TASK DETAILS:
Transcribe everything in the listing below exactly, except the pictures.

DATASET EXCERPT:

····················

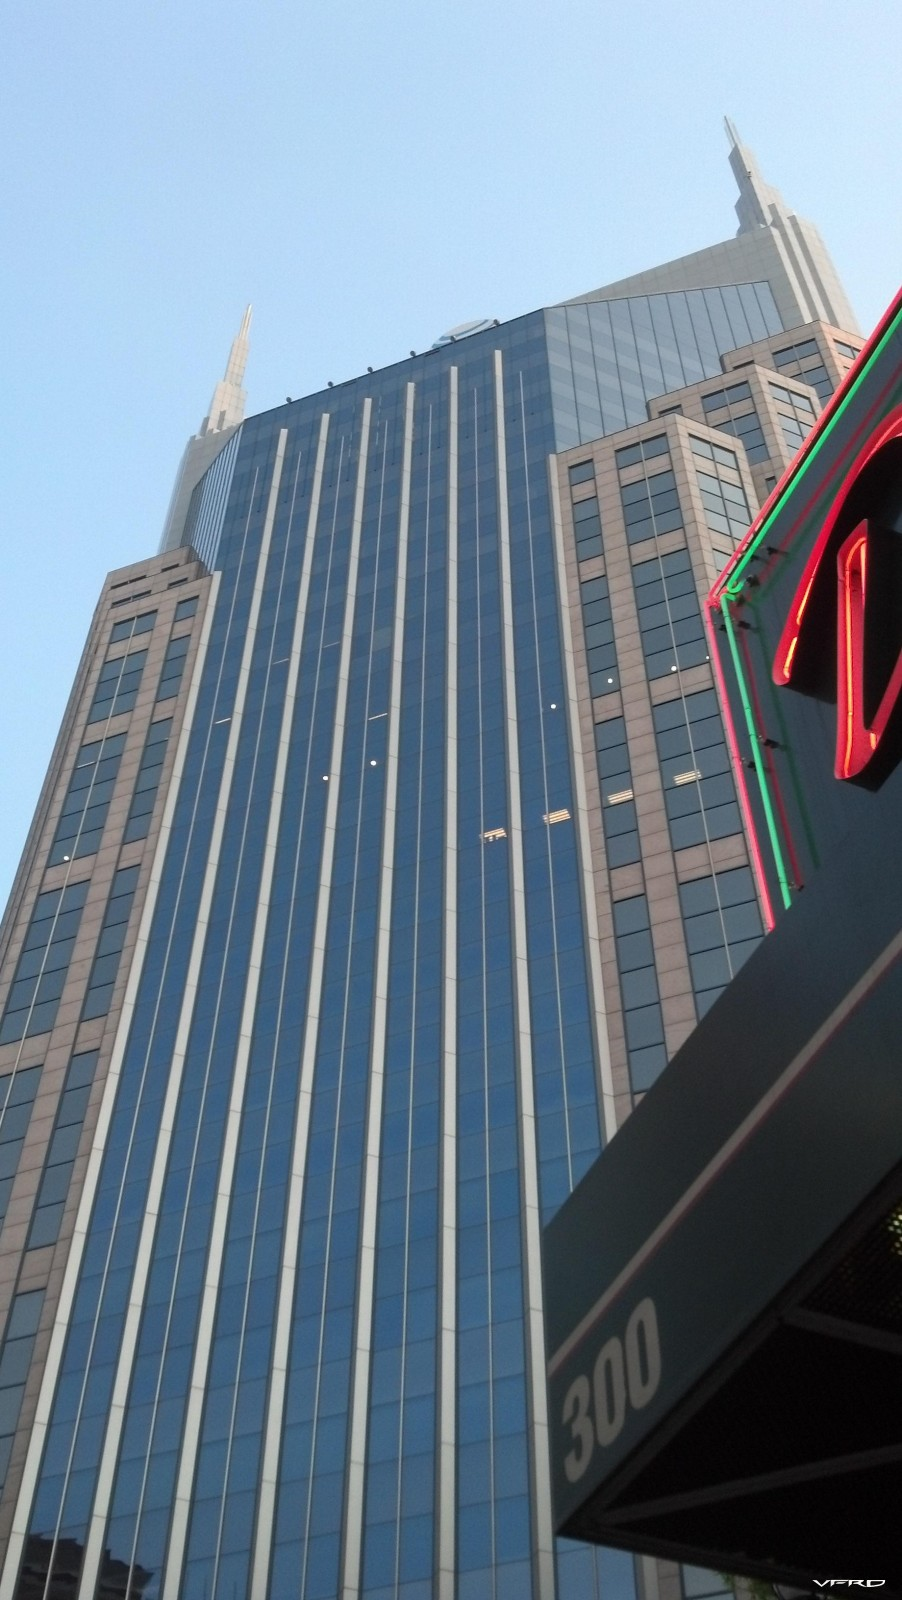 ATT Building in Nashville
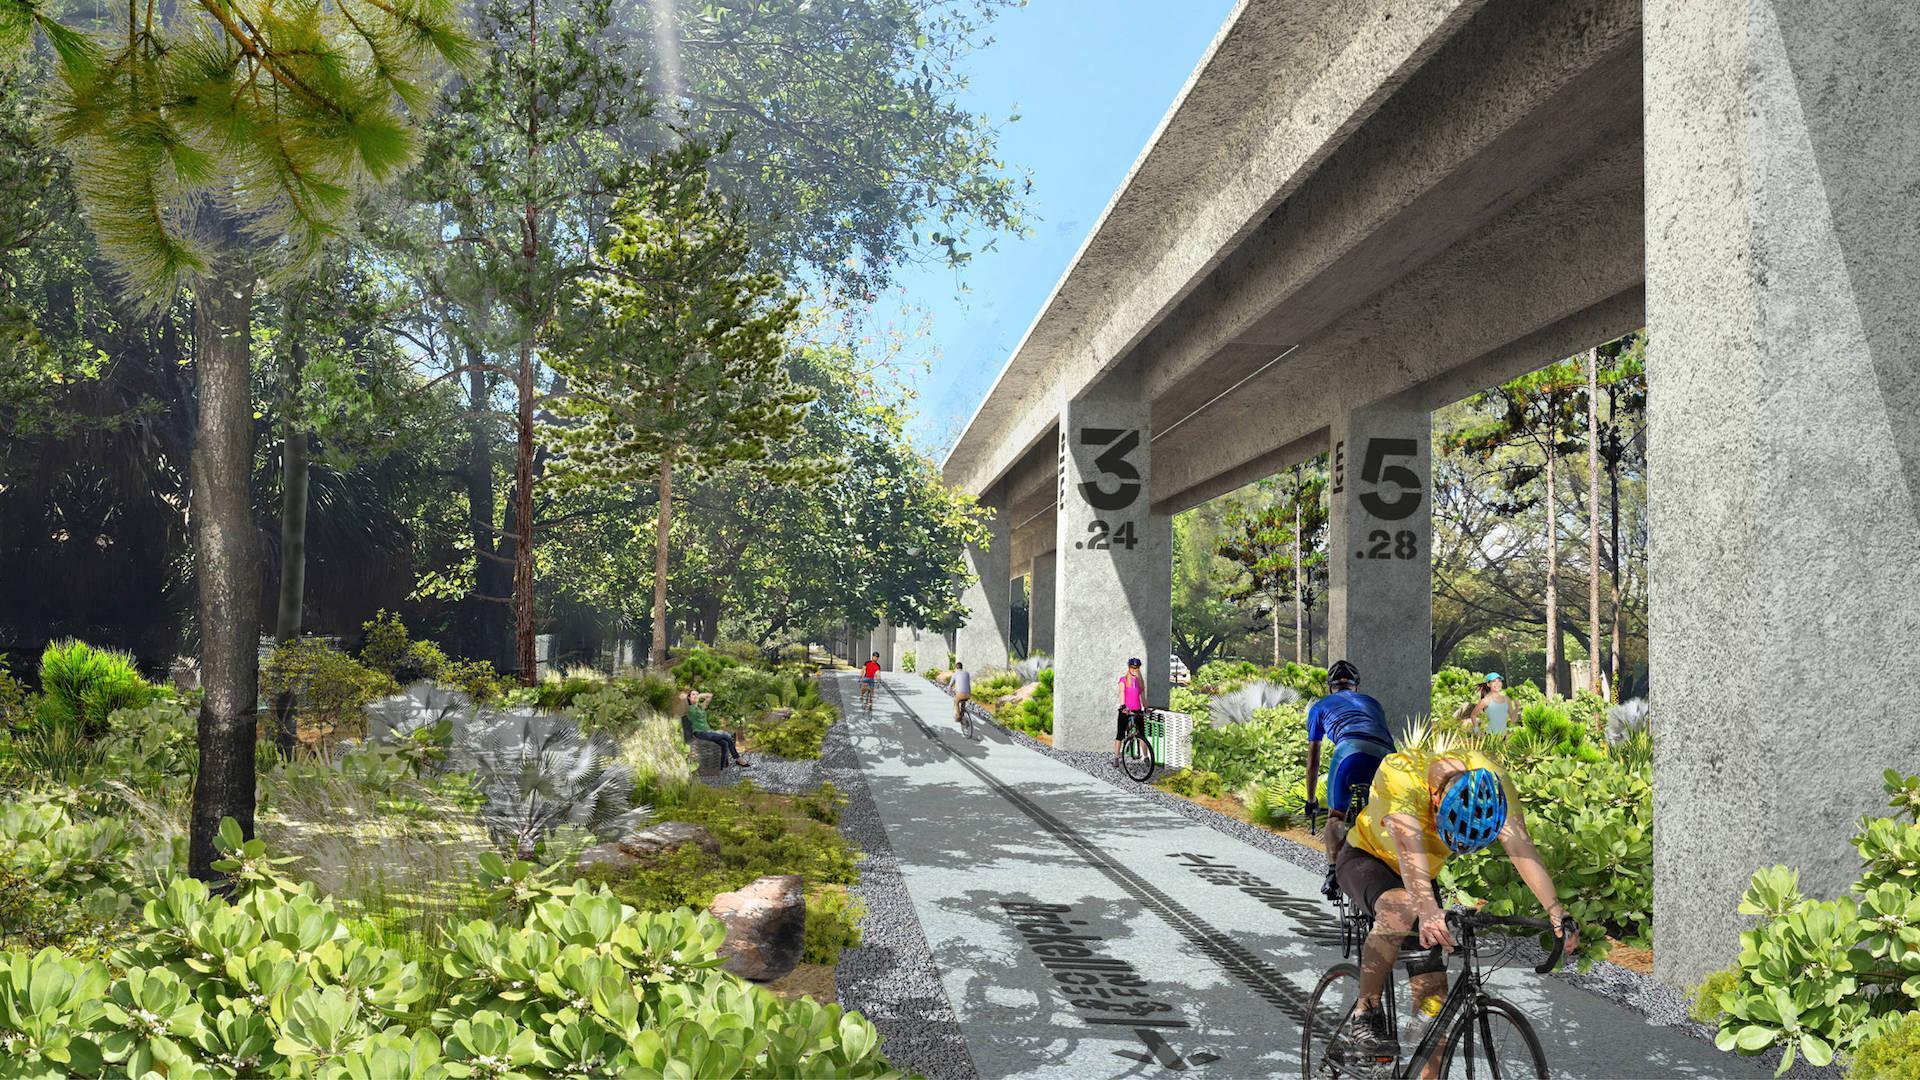 Miami tendrá su nuevo parque Underline, al mejor estilo del High Line de NY - 8
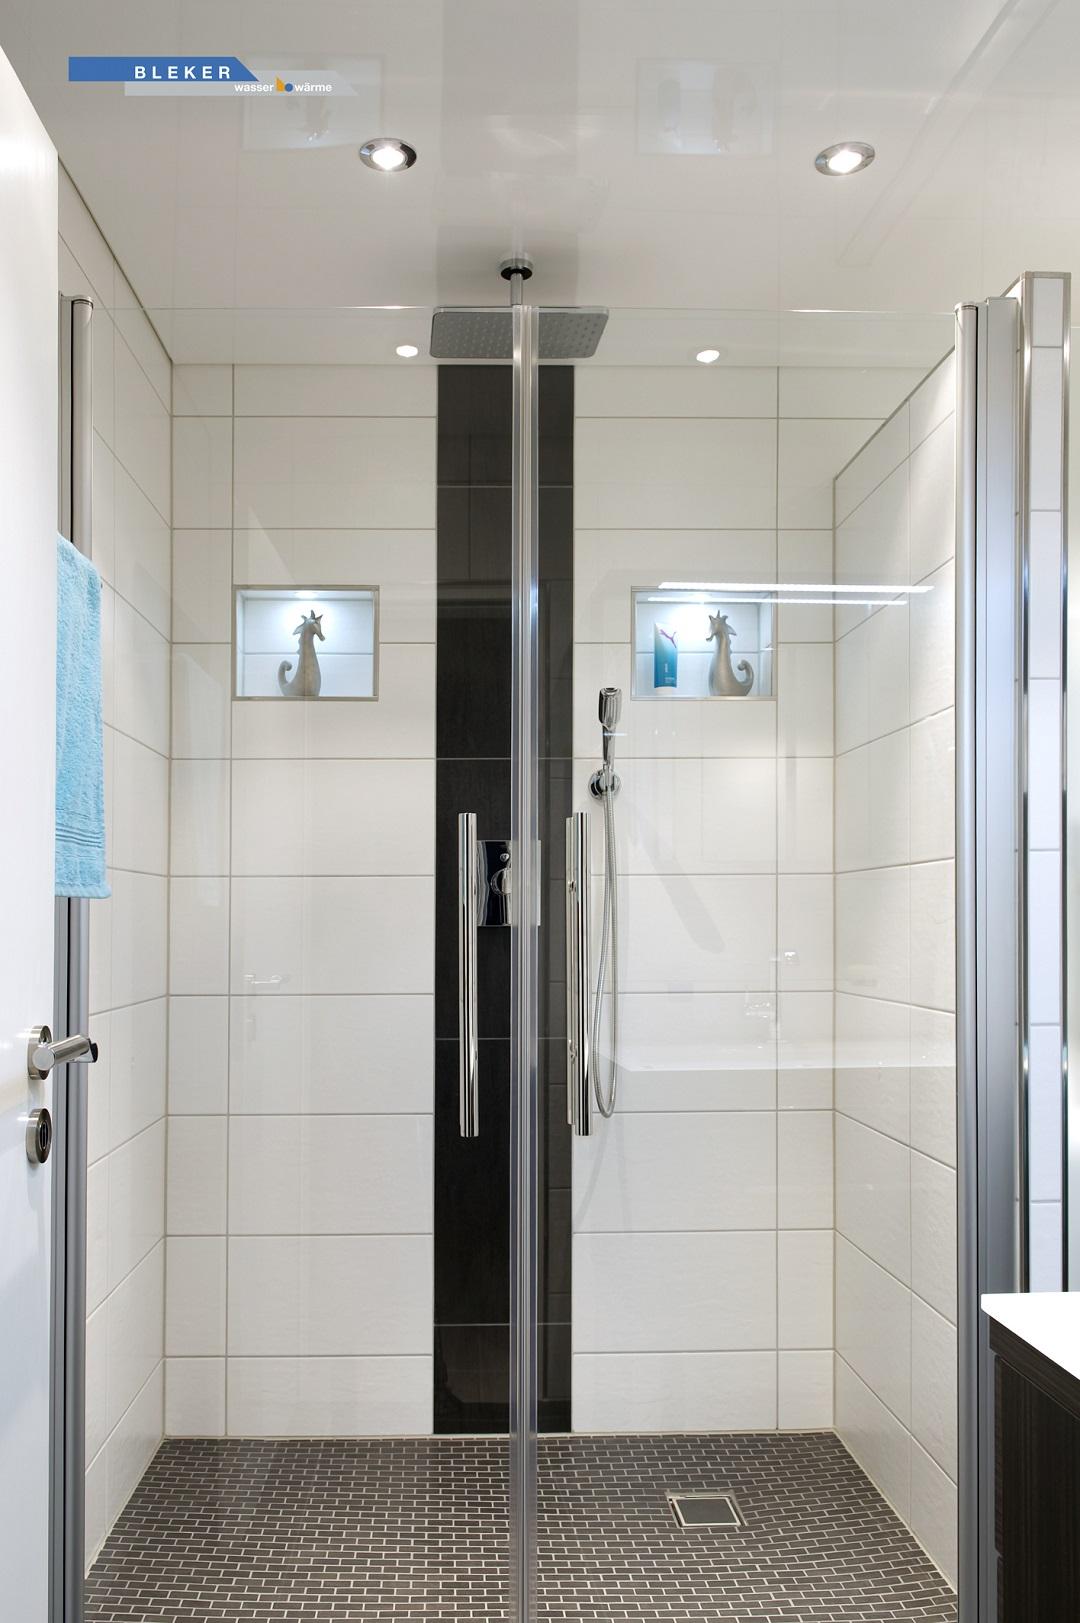 grosse helle Dusche mit weisser Lackspanndecke

····················

EXPECTED OUTPUT:
 ATT Building in Nashville
 Miami tendrá su nuevo parque Underline, al mejor estilo del High Line de NY - 8
 grosse helle Dusche mit weisser Lackspanndecke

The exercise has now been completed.